A central goal of this special issue is to foster a shared language and a set of concepts that enable strategy researchers to build cumulatively on one another’s work, accelerating progress in this nascent area. Large language models (LLMs), in particular, represent a highly malleable technology, one that requires deliberate exploration to unlock its full value in strategic contexts. Whereas they may harbor the potential to facilitate or accelerate high-quality strategic decisions, we lack clear methods for extracting that value effectively. Open questions abound: What strategic tasks can LLMs effectively perform? How can we measure success and progress? How can AI prompting and human–AI workflows be engineered to elicit robust strategic insights? What combinations of human oversight and AI collaboration yield the best outcomes? By sharing early experiments and empirical findings on these system design choices, the contributions in this special issue help the field advance, transforming speculative possibilities into tangible steps toward practical tools and approaches for strategy formulation and evaluation.

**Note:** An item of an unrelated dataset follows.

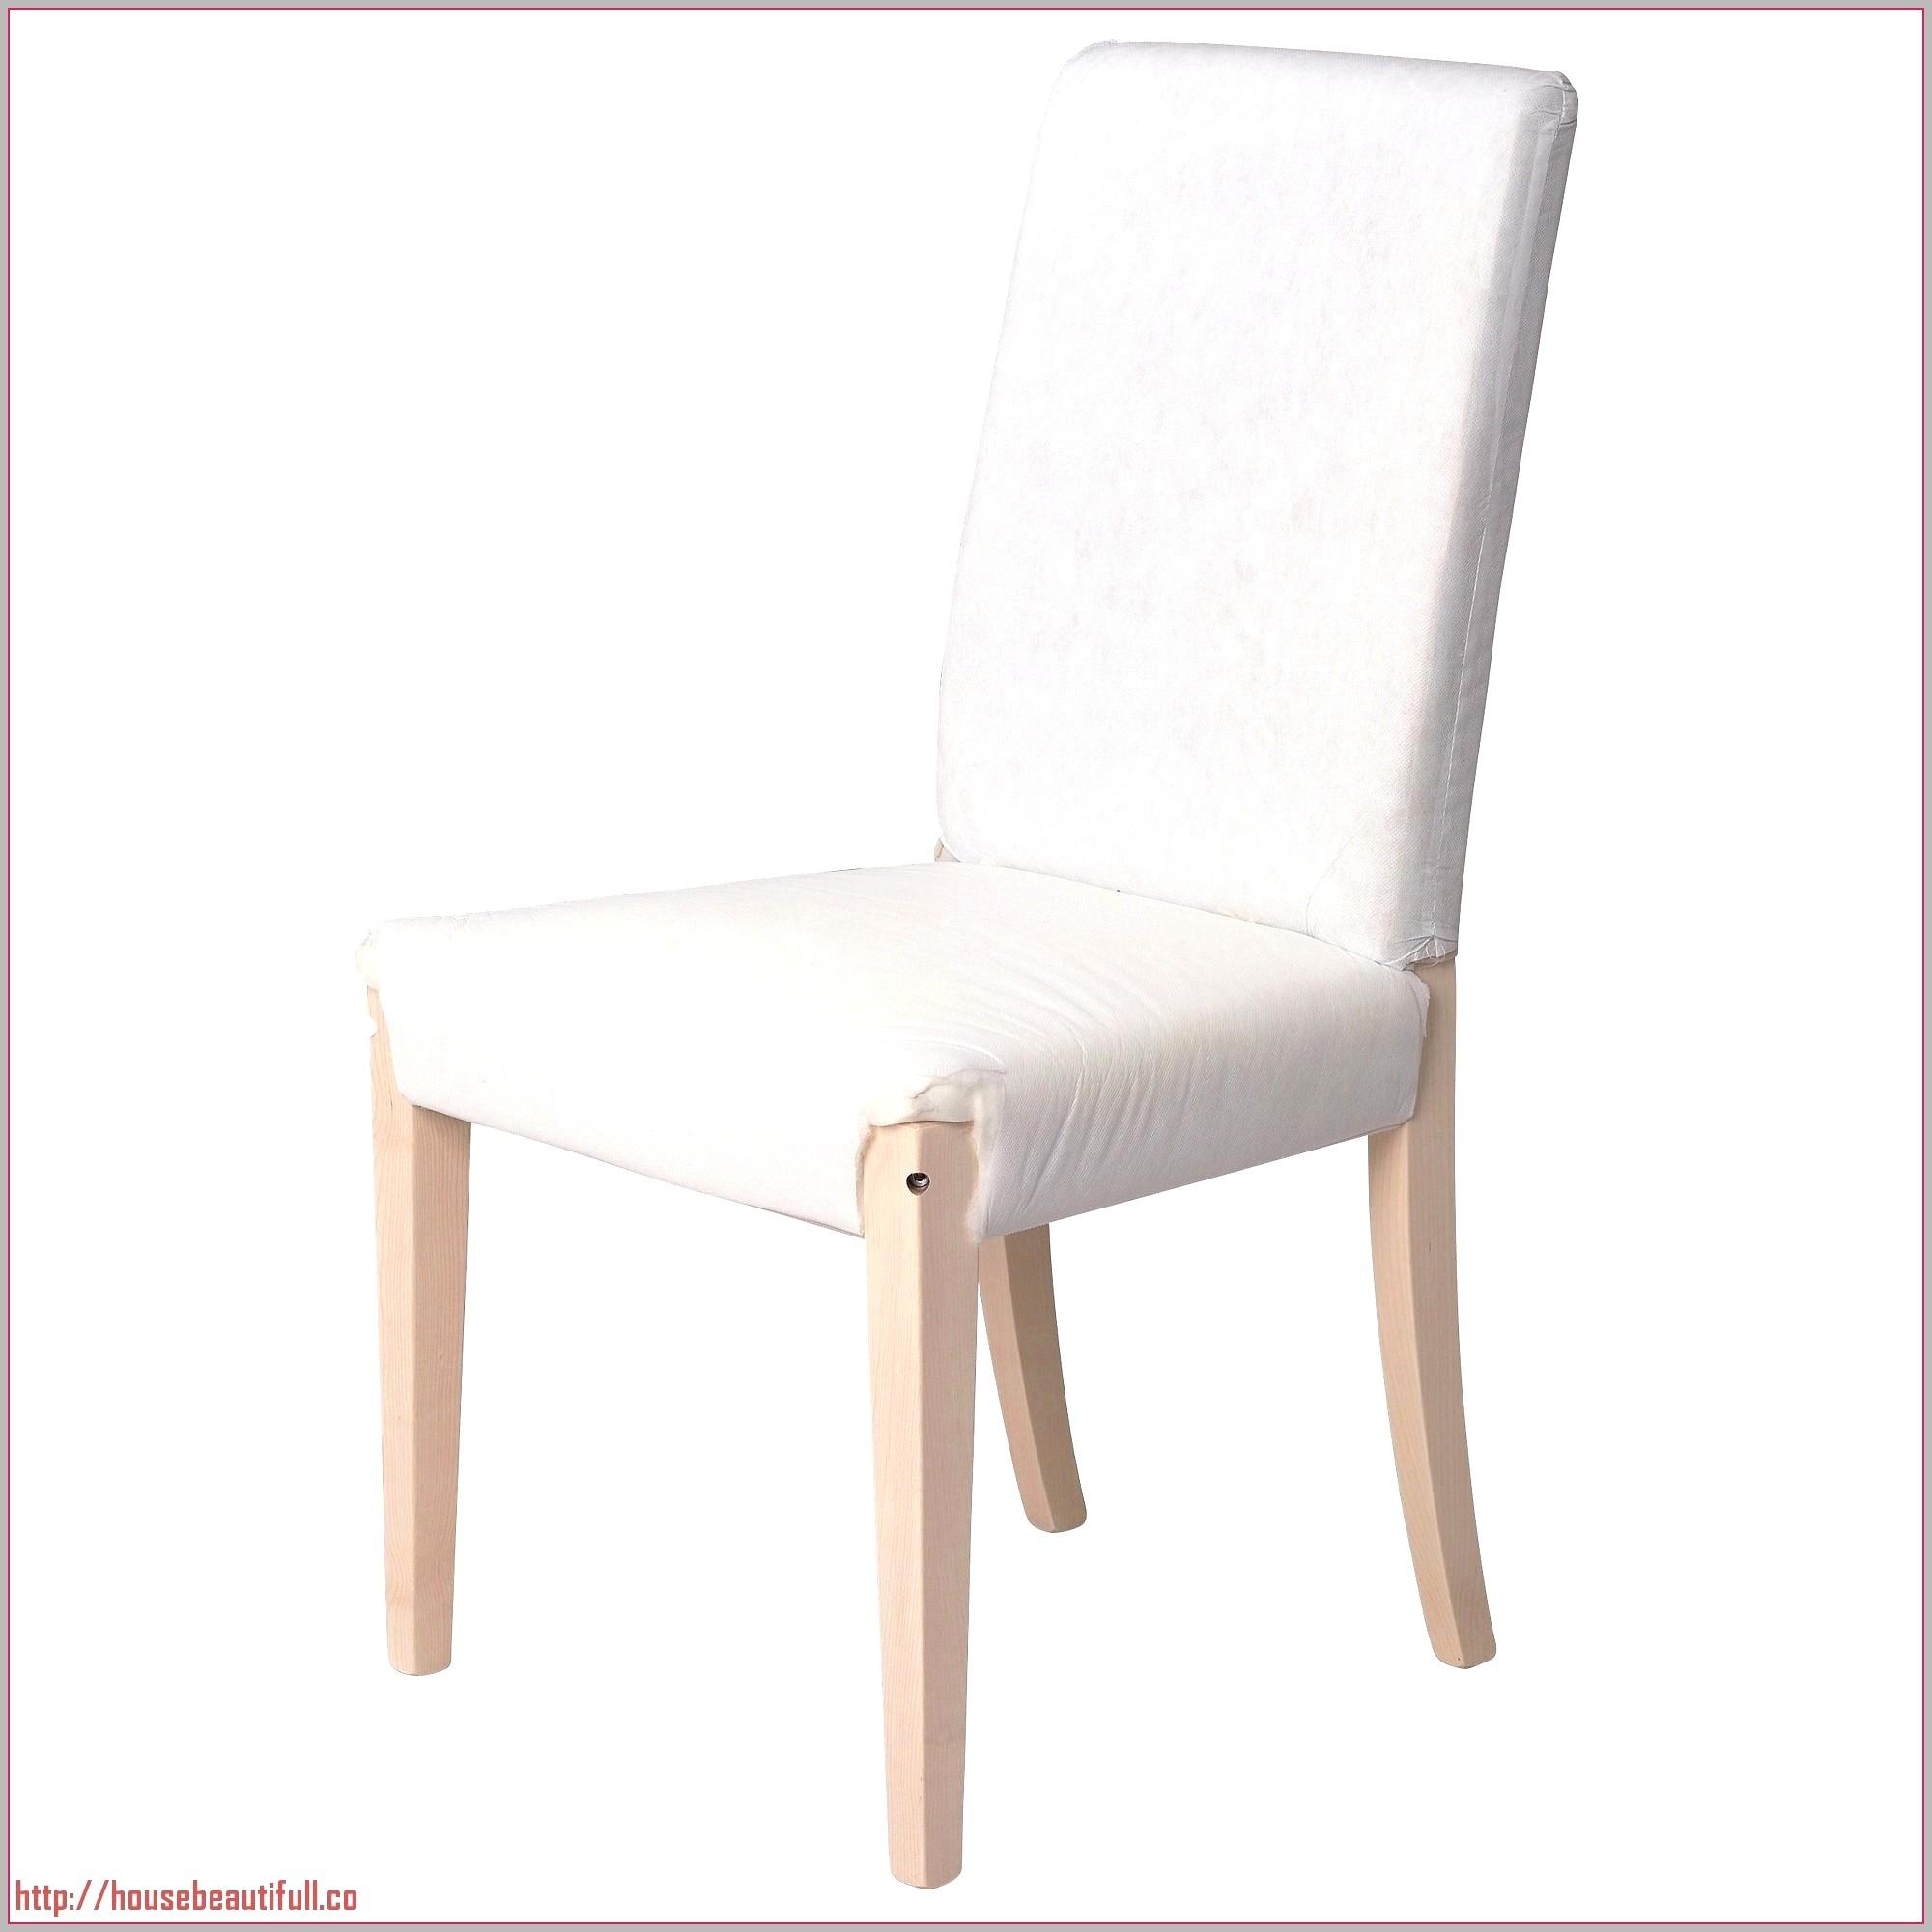 fauteuil jardin ikea gris nancy dennismfg avec cool chaise de dedans table et cuisine with 5 27 2000x2000px random bar rangement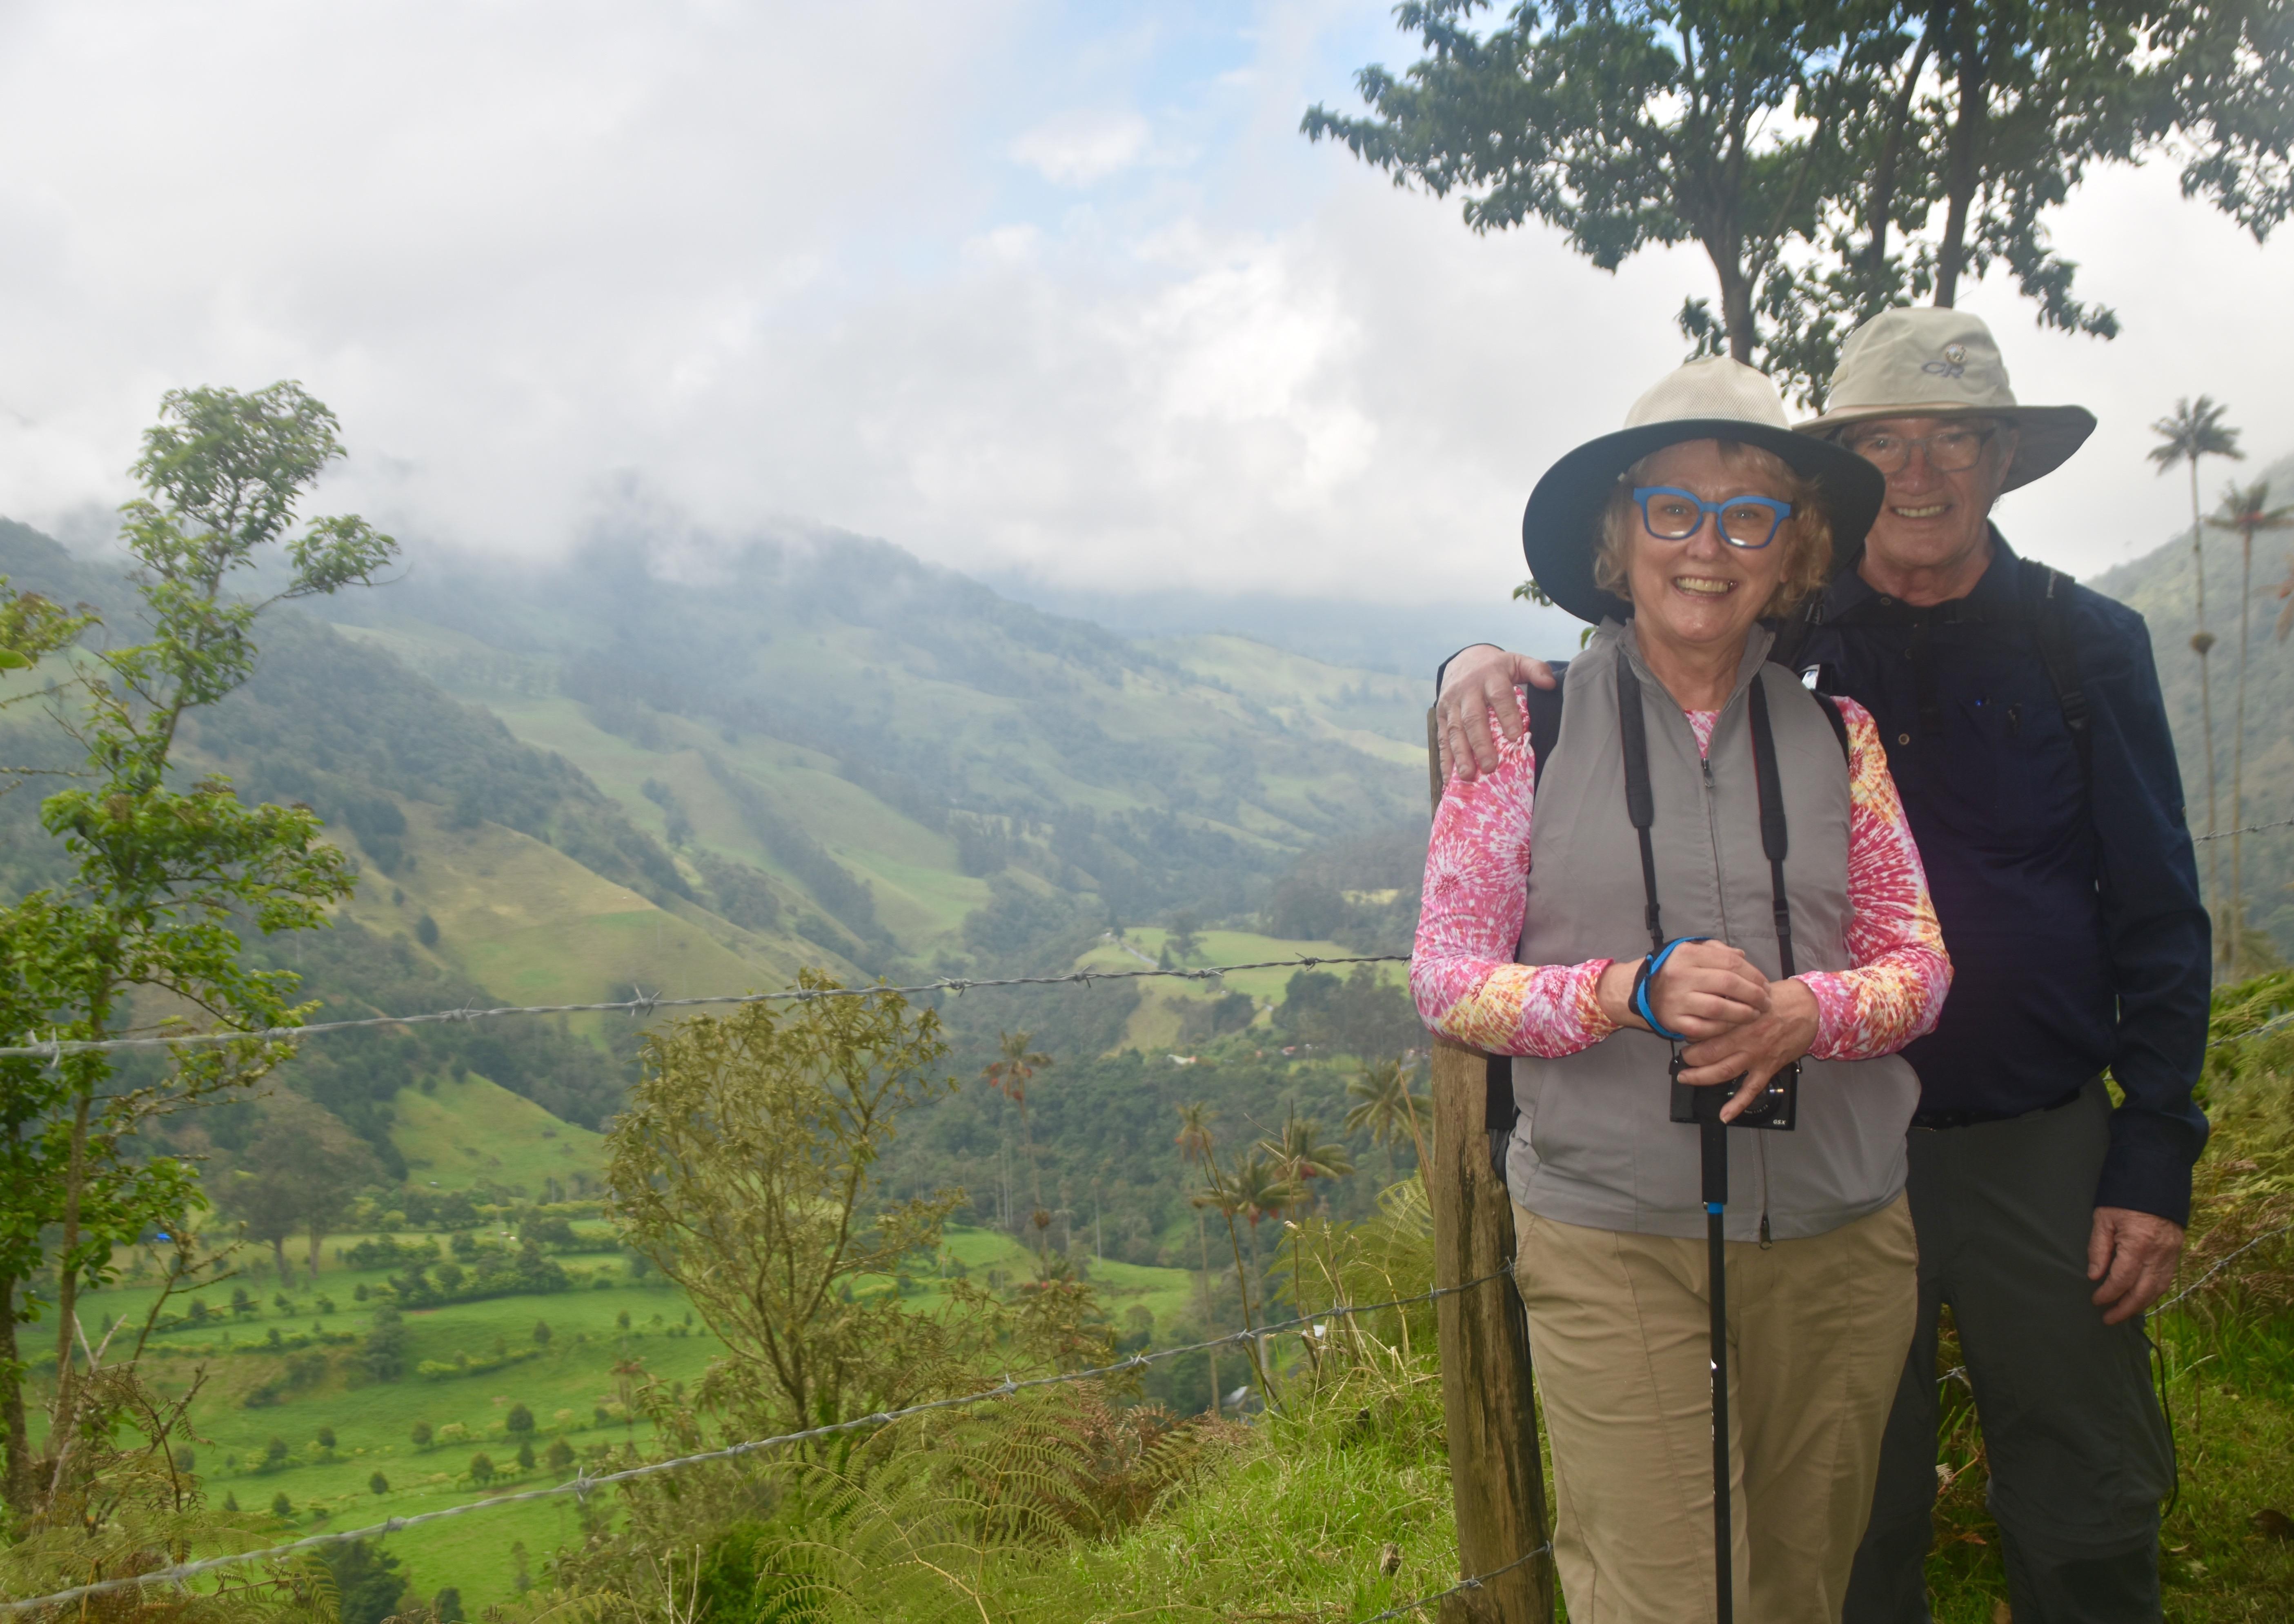 Overlooking Valle de Cocora

This essay charts a course through these ideas to advance our collective understanding. Section 2 introduces a dual-ladder framework for analyzing AI in strategy: a causal ladder that classifies the cognitive sophistication of strategic tasks and a delegation ladder that describes the conditions under which organizations grant AI autonomy over those tasks. Section 3 reviews the contributions to this special issue, organizing them by their focus on current capabilities (can), future potential (could), and normative governance (should), identifying key research streams for the field. Finally, Section 4 considers how the field can propel itself forward, advocating a pivot toward more engineering-inspired methods that allow strategy scholars to have greater influence and voice to shape the intelligent machines that will both aid and perform the essential tasks of strategizing. Together, these sections invite scholars, practitioners, and educators to join in building a robust agenda for strategy in an AI-infused era.

2. A Hierarchy of Strategy Tasks and Strategic Delegation

Strategy is not AI’s first domain of application. Strategy’s relative lateness likely reflects the complexity of strategy as a task, as strategy making involves both complex problem framing and complex problem solving. In domains such as autonomous driving, in which engineers and scientists have for decades infused intelligence into vehicles, the industry finds value in categorizing and benchmarking progress using a framework that maps levels of driving functionality and charts AI-enabled autonomy at each level, beginning with blind spot and lane departure warnings at the lowest level, moving to lane centering and cruise control at the midlevel, and culminating with fully autonomous driving in all driving conditions.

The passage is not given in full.